Когда полиция и солдаты спустились от Рстинки в Гравин-Дол и осторожно приблизились к землянке, то увидели на поляне Замфира. Он лежал на опавшей листве, закинув руку вверх и устремив безжизненные глаза в холодное небо. В смерти он был так же красив, как и в жизни. Товарищ его чуть поодаль корчился в последних муках. И хотя оба они уже не представляли опасности, каратели всю ночь не смели приблизиться к ним…
Глашатай объявил, что главарь разбойничьей банды Замфир Попов и его товарищ обнаружены и убиты в перестрелке. О яде никто не узнал.
Все это произошло во время жатвы. Пекло солнце. Словно гром, пришла в поле весть о гибели командира повстанцев. Жнецы выпустили из рук серпы. Люди бросились к селу. Со всех сторон туда стекались встревоженные крестьяне. Долго стоял народ на площади. Казалось, со стороны Петрохана на поля обрушилась буря и уничтожила все, что было собрано.
На следующий день люди с раннего утра уже были в городе — пришли взглянуть на Замфира, проститься с ним. Оба повстанца лежали на площади.

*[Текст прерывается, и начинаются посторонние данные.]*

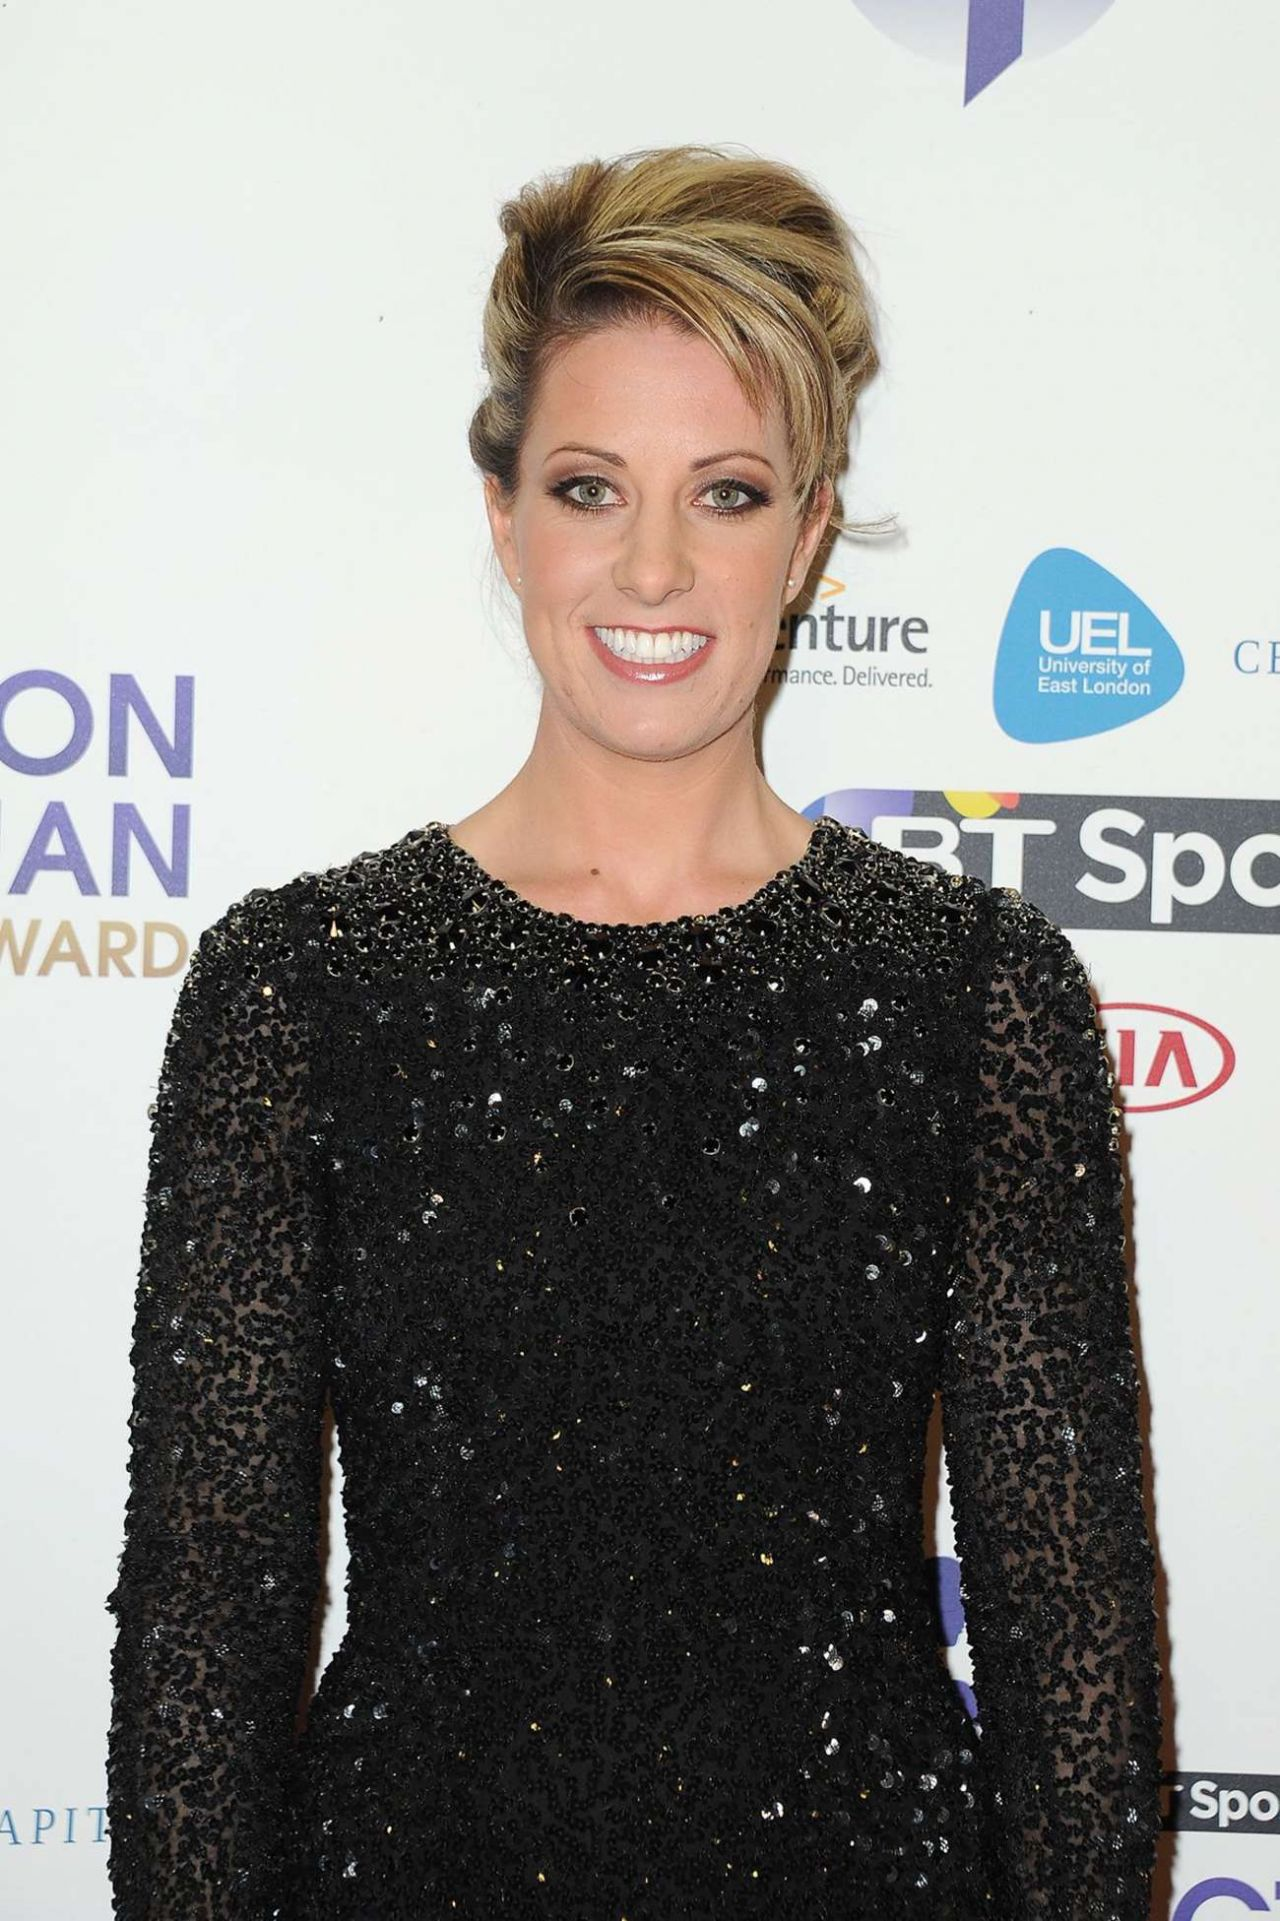 Charlotte dujardin 2014 bt sport action woman awards in for Dujardin olivier

Люди, сжав губы, со слезами на глазах проходили мимо двух тел. Замфир лежал с разбитой головой. Его окоченевшая правая рука была поднята вверх, словно он хотел схватиться за что-то, чтобы подняться и ринуться в бой. Так и в смерти он запечатлел неутомимую жажду жизни и стремление к борьбе. Молодчики из шпиц-команды пинали труп ногами, били прикладами поднятую вверх руку, но она не опускалась. Временами казалось, что командир вырвется из когтей смерти…
Замфир был мертв, но враги следили за ним, как когда-то за живым во время собраний. А в памяти людей жили его слова: «Мы отступили, но рано или поздно победим, потому что на свете есть Москва!» Он всегда, когда говорил, выбрасывал руку вверх.

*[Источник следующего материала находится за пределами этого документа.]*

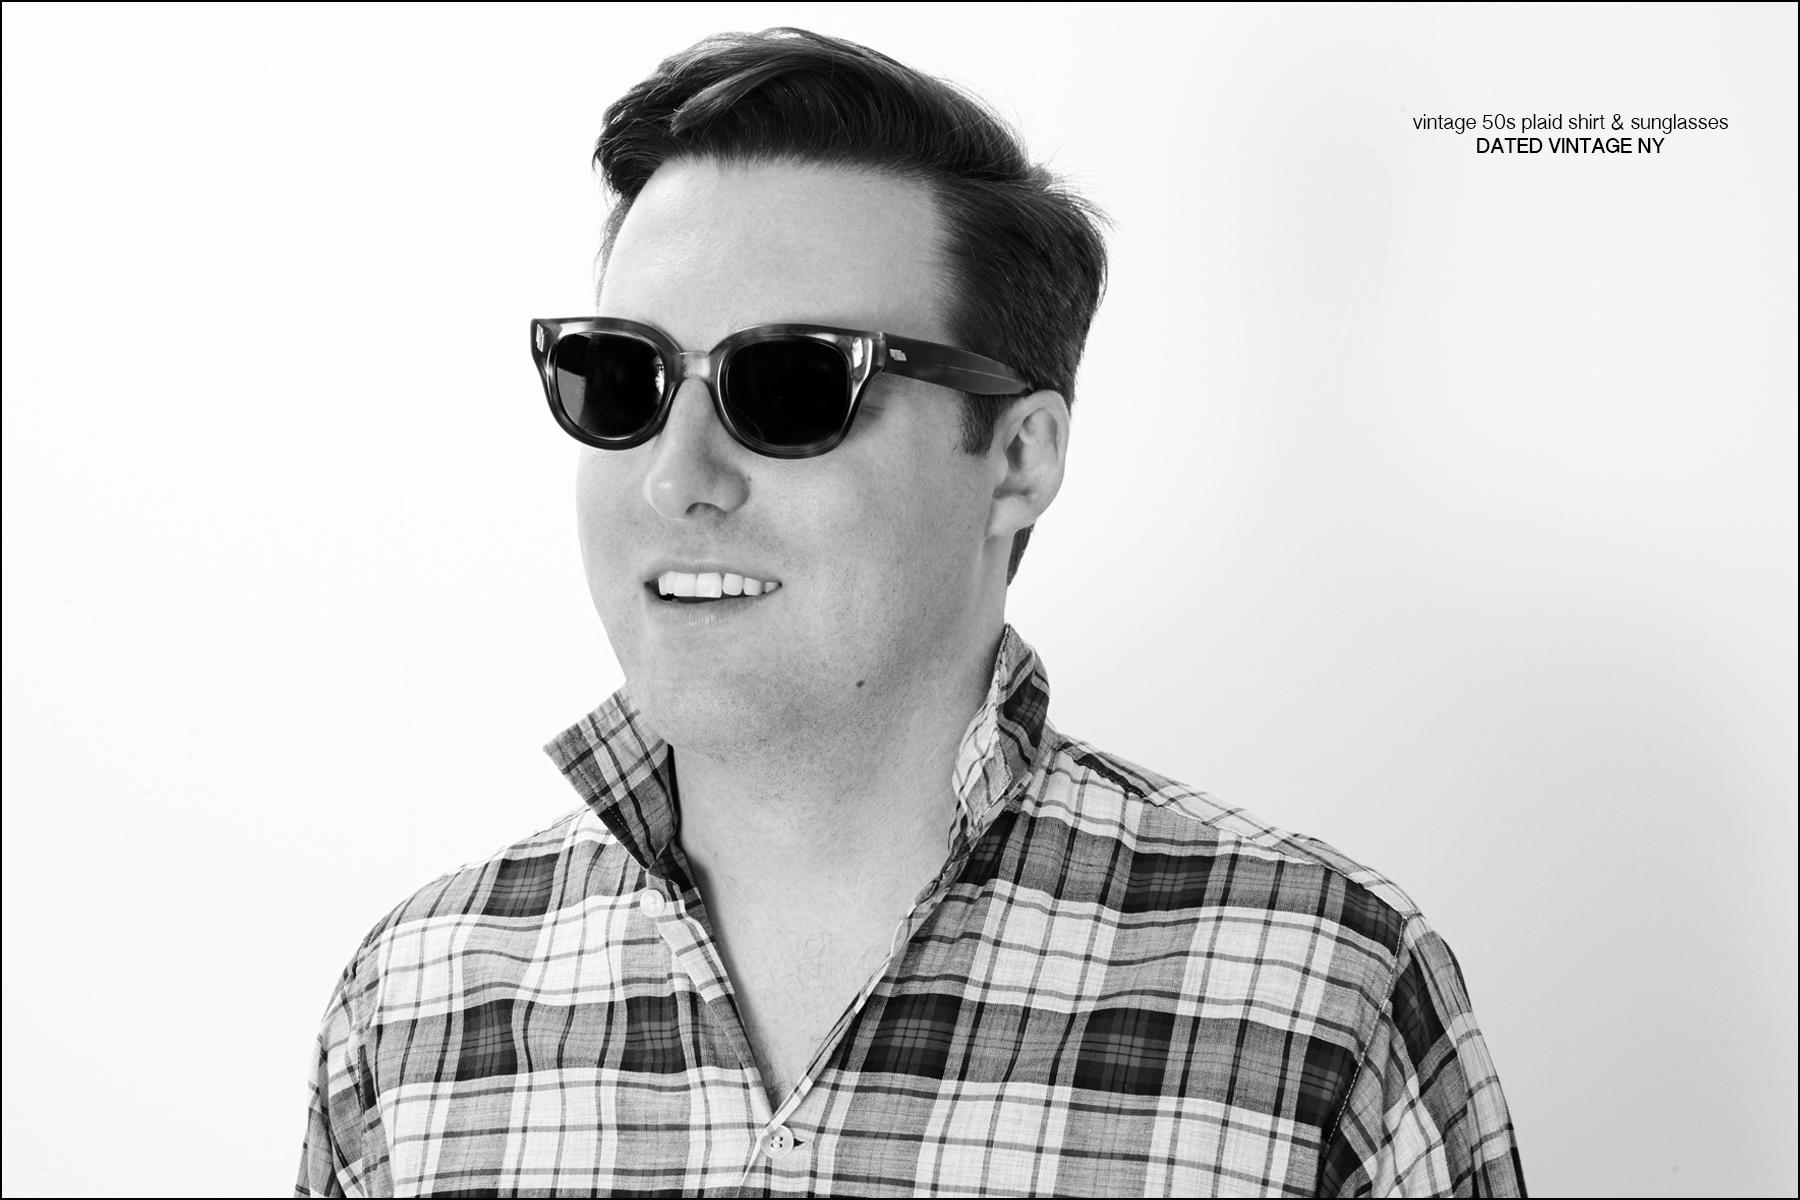 California musician Nick Watherhouse photographed in New York by Alexander Thompson for Ponyboy magazine.

Тела двух героев, погибших из-за предательства, куда-то унесли. Но казалось, что там, на площади, осталась поднятая рука Замфира Попова. Командира уже не было в живых, а все словно видели его сжатую в кулак руку. Когда на площадь приходил кто-нибудь из лагеря врага и старался увидеть эту руку, она исчезала, чтобы появиться снова, когда подойдет свой. Народ говорил об этой руке, как о легенде. Это пугало убийц. Полицейские приходили на площадь даже ночью, чтобы посмотреть, правда ли это. Но руки не видели, а видели только людей, собравшихся на том месте, где когда-то лежали убитые. Люди стояли, тихо переговариваясь. Огоньки цигарок светились в темноте.
— Расходись! — прокатывалось по площади, и люди уходили.

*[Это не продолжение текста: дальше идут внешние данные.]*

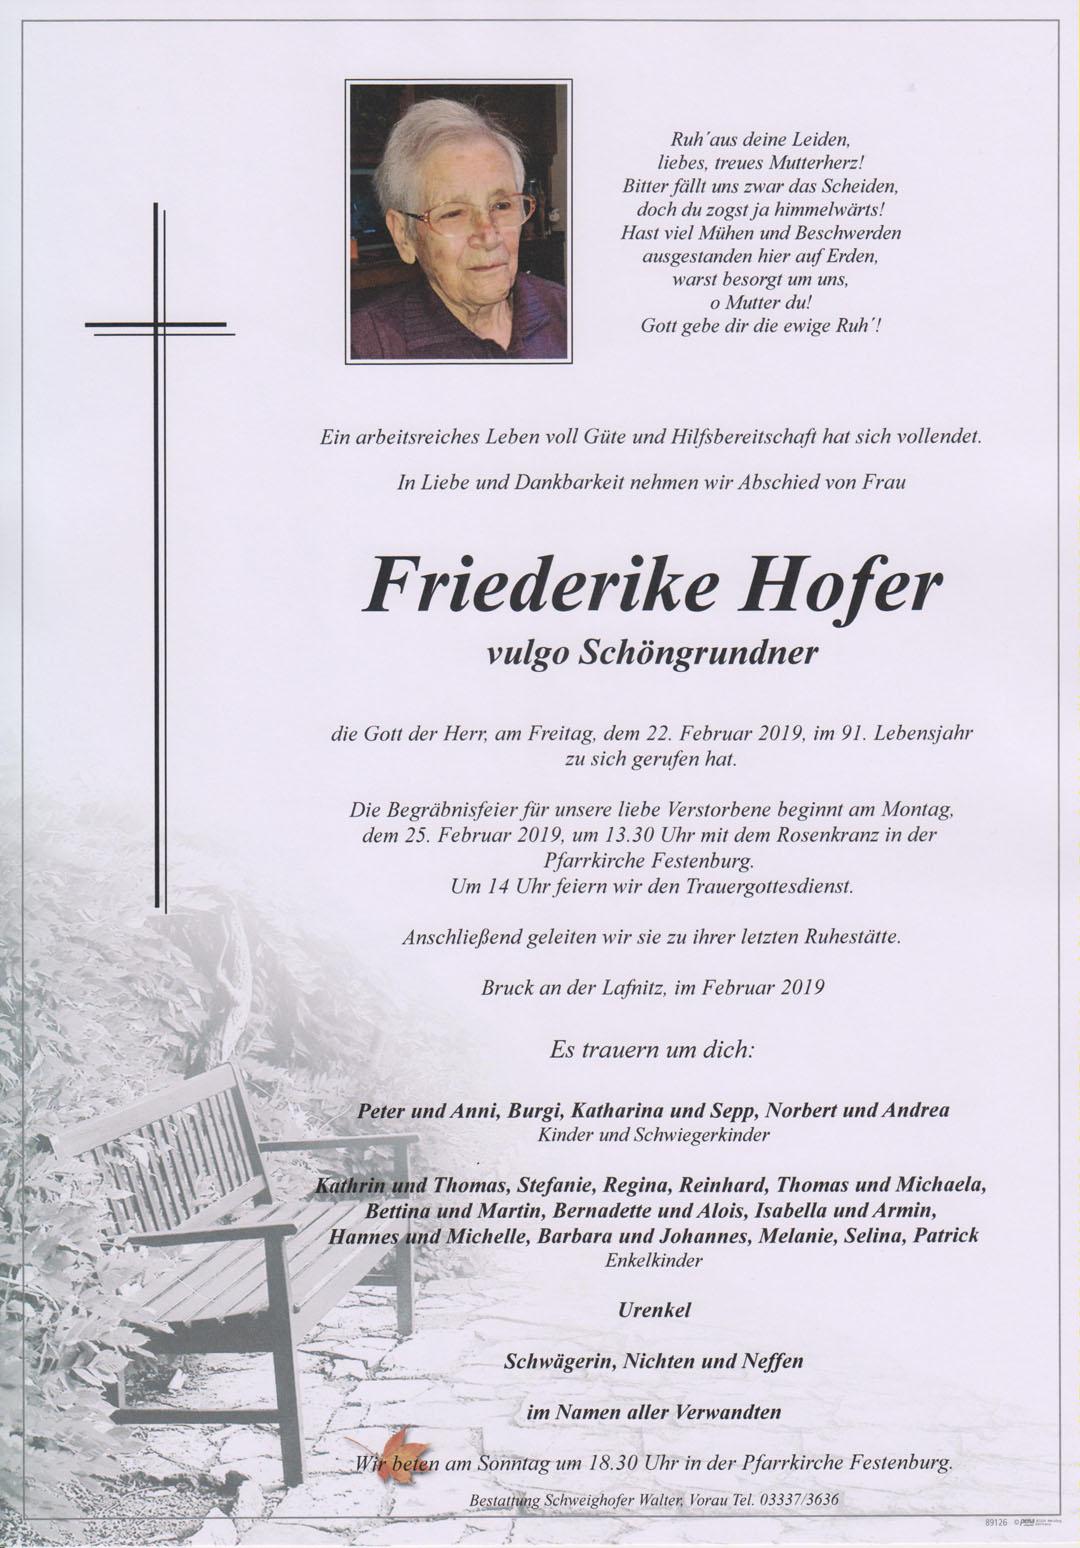 Friederike Hofer

«Как мы могли допустить это? Мы ведь потеряли нового Левского» [14] Васил Левский (1837—1873) — выдающийся деятель болгарского революционно-освободительного движения. — Прим. ред.
, — звучал издалека, из Москвы, голос Димитрова.
Она была единственной дочерью околийского начальника. Двое других его детей, мальчики, были старше. Выросли они как-то без особых забот и стали мужчинами, рослыми, как и их отец. Он не уделял им много внимания, словно вся его любовь сосредоточилась на младшей, появившейся на свет довольно поздно и причинявшей родителям много хлопот. Она совсем не походила на своих братьев. Те в раннем детстве спали ночью как убитые, а Кита была капризной, будила всех по два-три раза за ночь. Приглашали доктора, тот осматривал девочку, но никакой болезни не находил. Мать иногда сердилась так, что готова была отшлепать ребенка, но отец не давал — питал к дочке какую-то особую слабость. Говорят, что так уж заведено: матери любят больше мальчиков, а отцы — девочек.